● Problem requirements
Print, exactly as they appear in the listing below, the lines from the line with "ENET OBD Interface" to the line with "Aviation Investigation Report A12w0004", with both end lines kept.

● Input records
»»
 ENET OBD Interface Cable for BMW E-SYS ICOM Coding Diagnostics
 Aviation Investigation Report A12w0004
««
»»
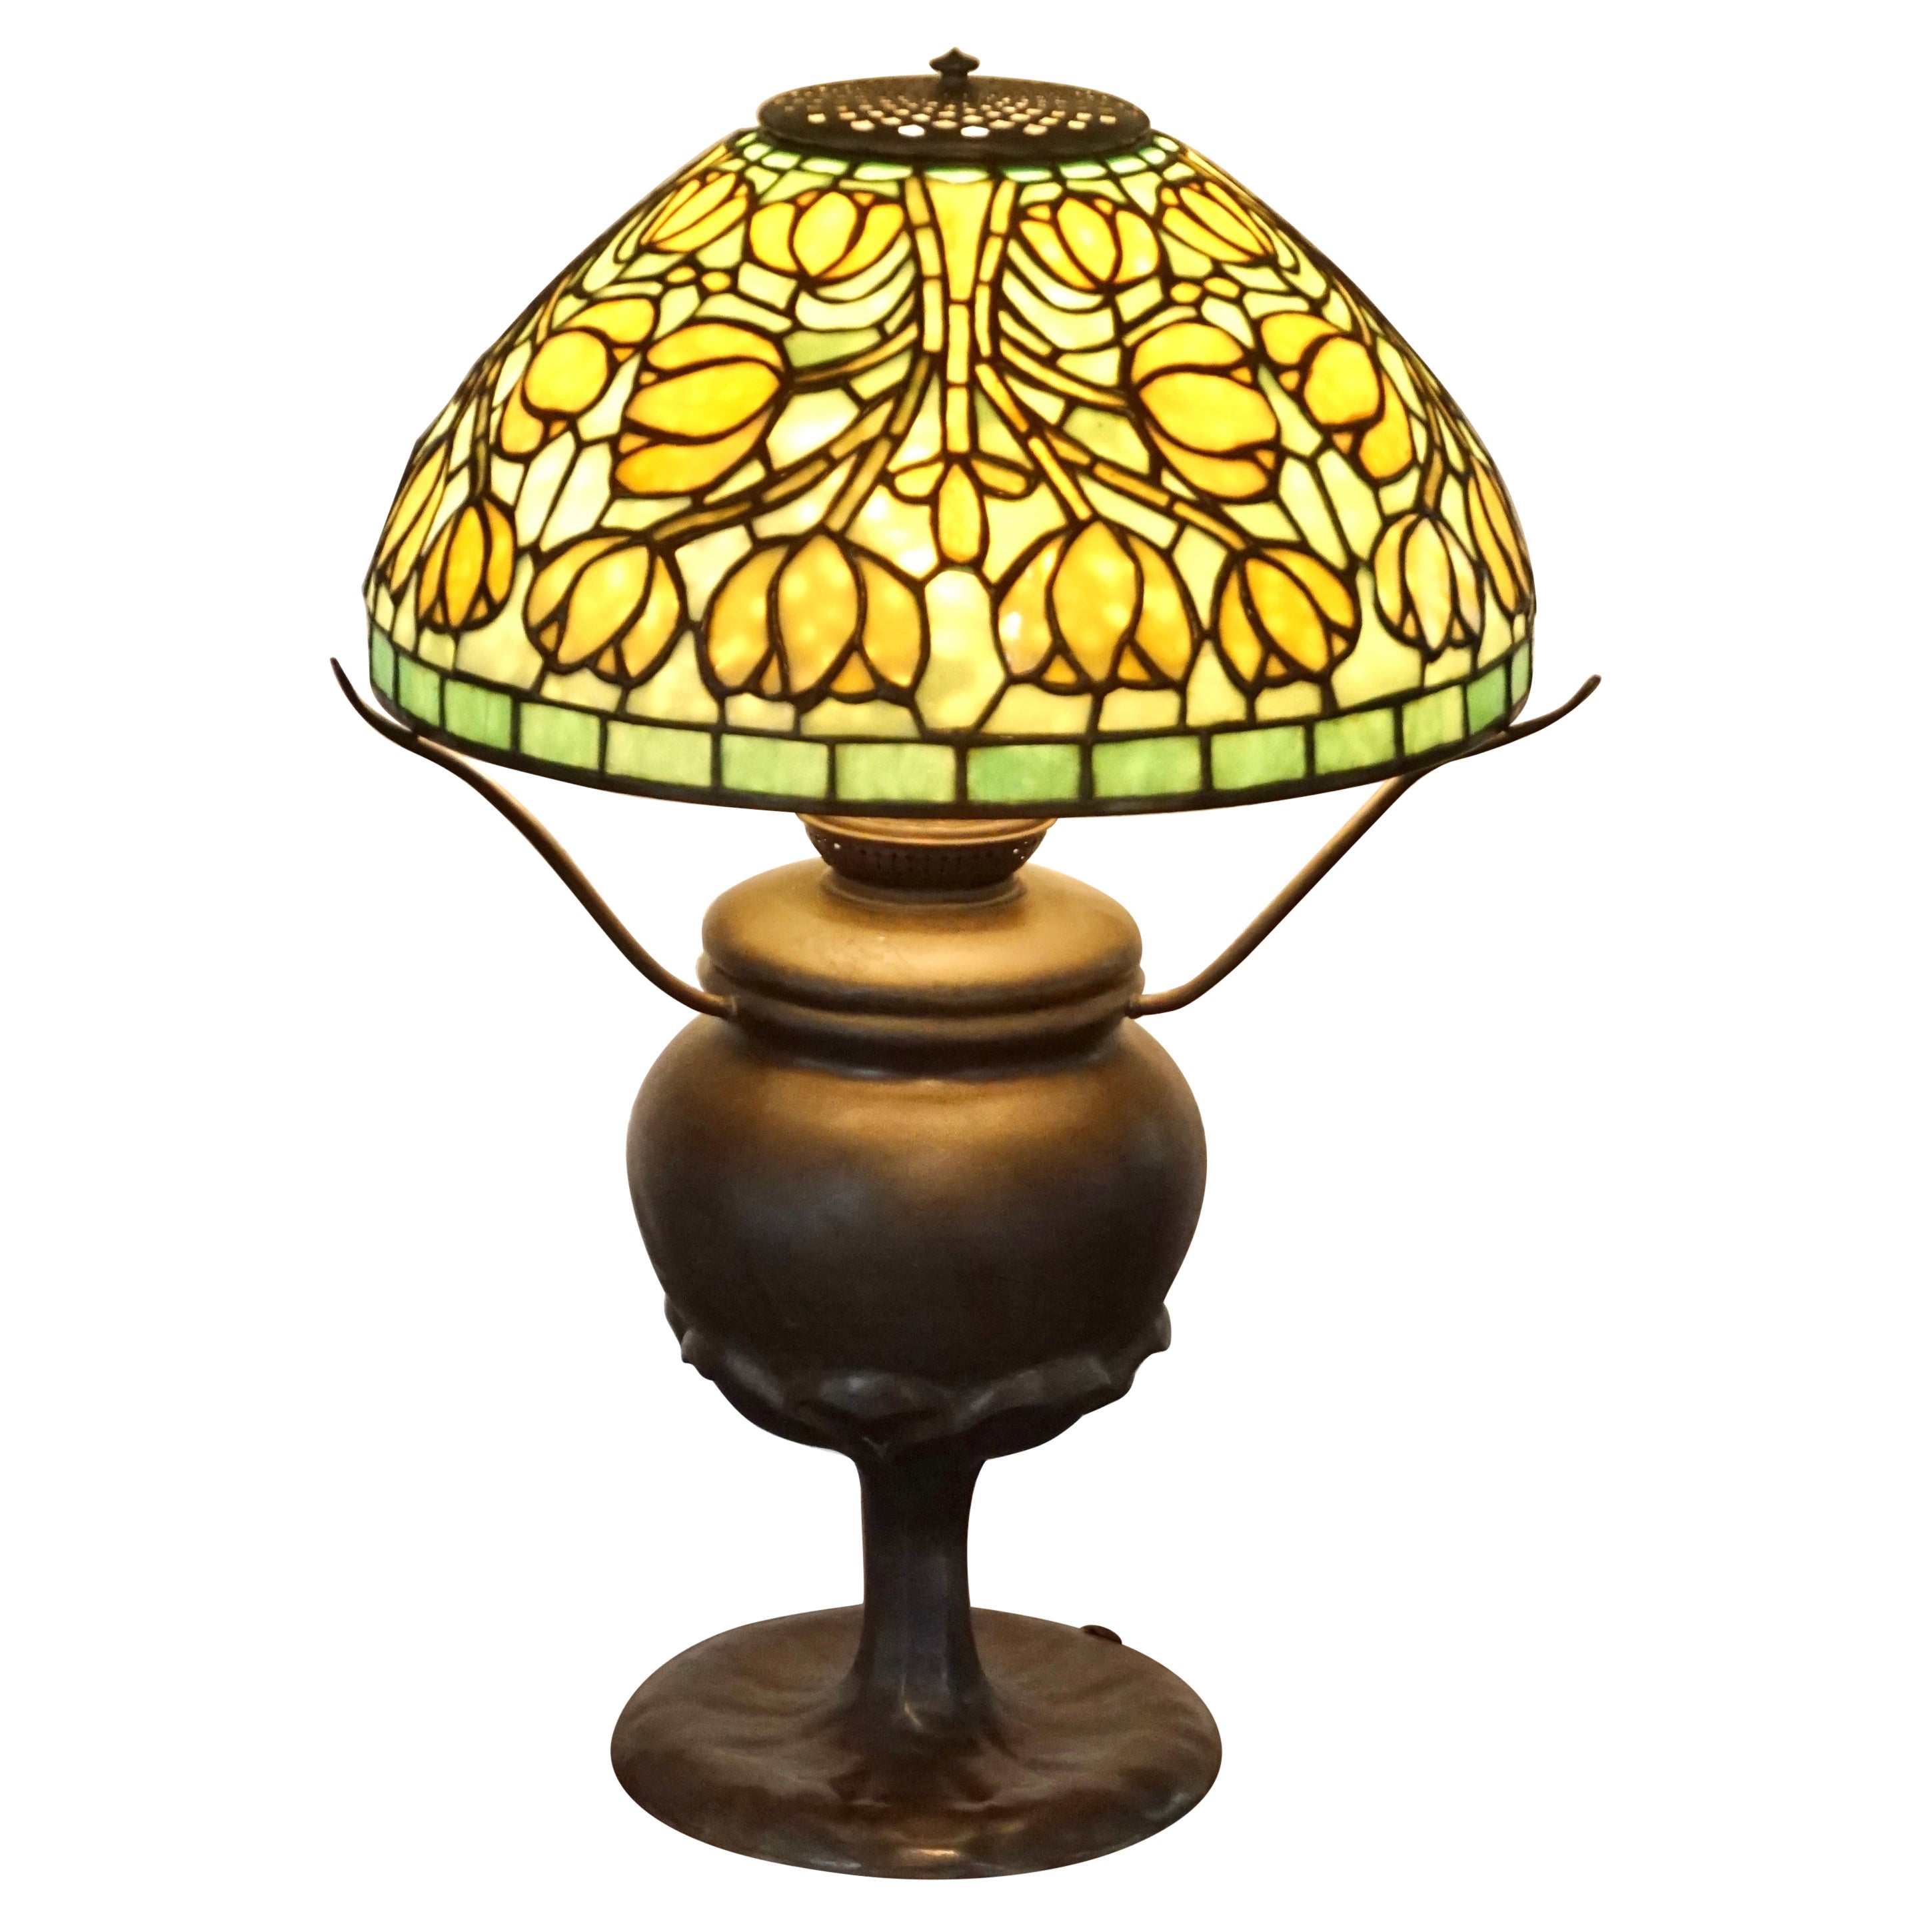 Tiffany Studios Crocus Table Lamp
««
● Your solution
 ENET OBD Interface Cable for BMW E-SYS ICOM Coding Diagnostics
 Aviation Investigation Report A12w0004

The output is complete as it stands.